Он подвел меня к увешанной фотографиями стене и указал на молодую женщину с огромными темными глазами, чувственными губами, роскошными волосами и надменным выражением лица. Да, она была восхитительно хороша и до старости оставалась красавицей, о чем свидетельствовал соседний снимок.
— Но и те и другие родители посчитали, что для женитьбы их дети еще слишком молоды.
— Дело было совсем не в возрасте. Обе семьи принципиально не допускали браков между своими детьми. Они не хотели, чтобы партнеры превратились в сватов и кузенов, иначе деловые отношения, и так чреватые конфликтами, могли бы осложниться семейными конфликтами. Конечно, дети имели шанс сбежать — и пусть бы их лишили наследства! — но им не хватило решительности. Что касается последнего Велькера, сейчас это уже не проблема. Бертрам — единственный ребенок, у Штефани тоже ни братьев, ни сестер, поэтому родители даже обрадовались, что деньги объединятся. Да и осталось-то этих денег совсем не так много.
— Она умерла?
— В прошлом году они ездили в горы и она сорвалась в пропасть. Тело так и не нашли.
Он замолчал, я тоже. Он понимал, о чем я подумал.
— Было, конечно, полицейское расследование, как положено в таких случаях, — он оказался чист. Они ночевали в хижине, он еще спал, а она ушла на ледник, через который он идти не хотел. Неужели вы не читали? Об этом писали все газеты.
— А дети?
Он кивнул:
— Двое, мальчик и девочка. После трагедии их отправили в интернат в Швейцарию.

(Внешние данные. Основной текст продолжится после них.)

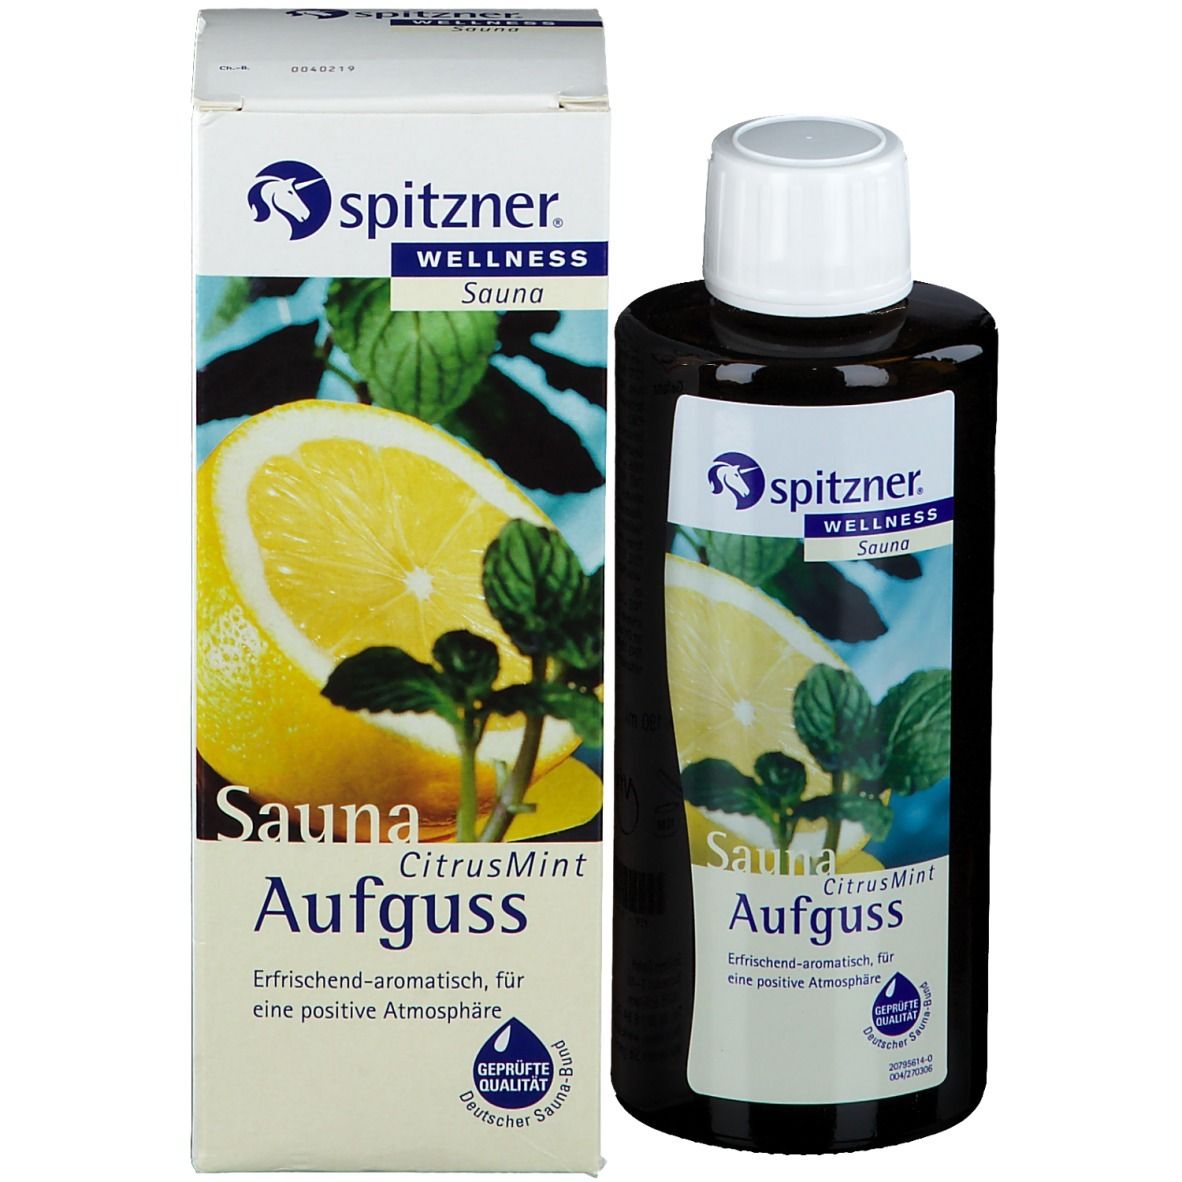 Spitzner® Wellness Saunaaufguss Citrus Mint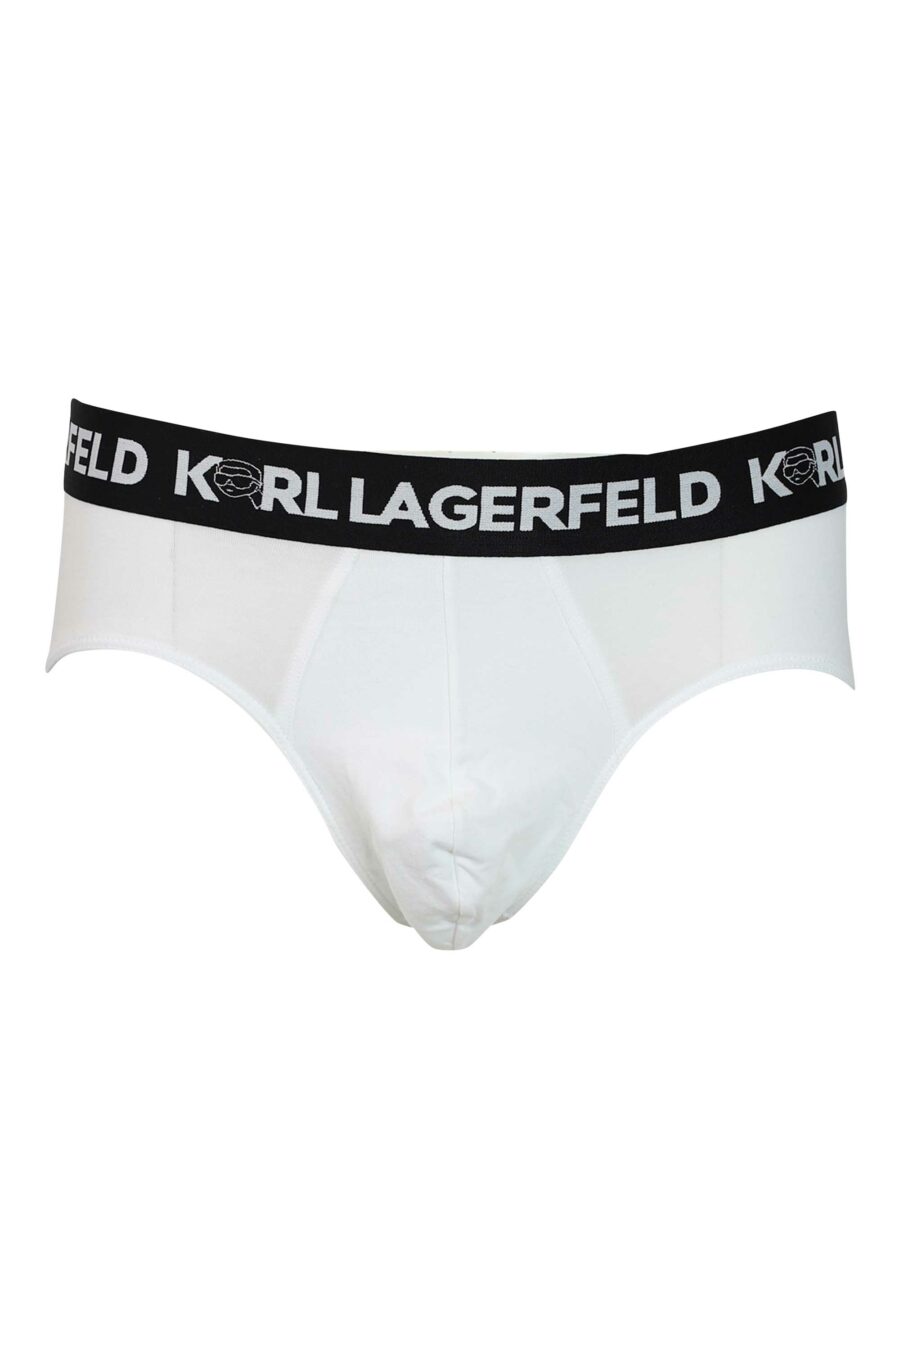 Dreierpack schwarzer und weißer Slips mit "karl"-Logo am Bund - 8720744054627

Я тоже кивнул. Да, жизнь — штука суровая. Он вздохнул, я пробормотал что-то вроде соболезнования. Шаркая ногами, он пошел на кухню, взял из холодильника пиво, подхватил со стола грязный стакан, протер его рукавом куртки, подагрическими пальцами с трудом откупорил банку и перелил половину содержимого. Левой рукой протянул мне стакан, я взял из его правой руки банку и сказал:
— Ваше здоровье!
— И ваше здоровьице!
Мы чокнулись и выпили.
— Вы архивариус банкирского дома «Веллер и Велькер»?
— С чего вы взяли?
— Сотрудник из госархива говорил про вас так, как будто вы коллеги.
— Что вы, — пробурчал он, рыгая, — коллегами нас не назовешь, да и архива как такового тоже нет. Прежний Велькер интересовался историей, вот и попросил меня навести порядок в старых документах. Мы знакомы со школы, дружили с ним, Велькером-старшим. Он продал мне этот дом за сущие гроши, а я учил его сына и его внуков, мы по мере сил помогали друг другу. В подвале у него было полно старинных документов, на чердаке тоже, но никто ничего в них не понимал, и никого это не интересовало. Короче говоря, никто этим не занимался.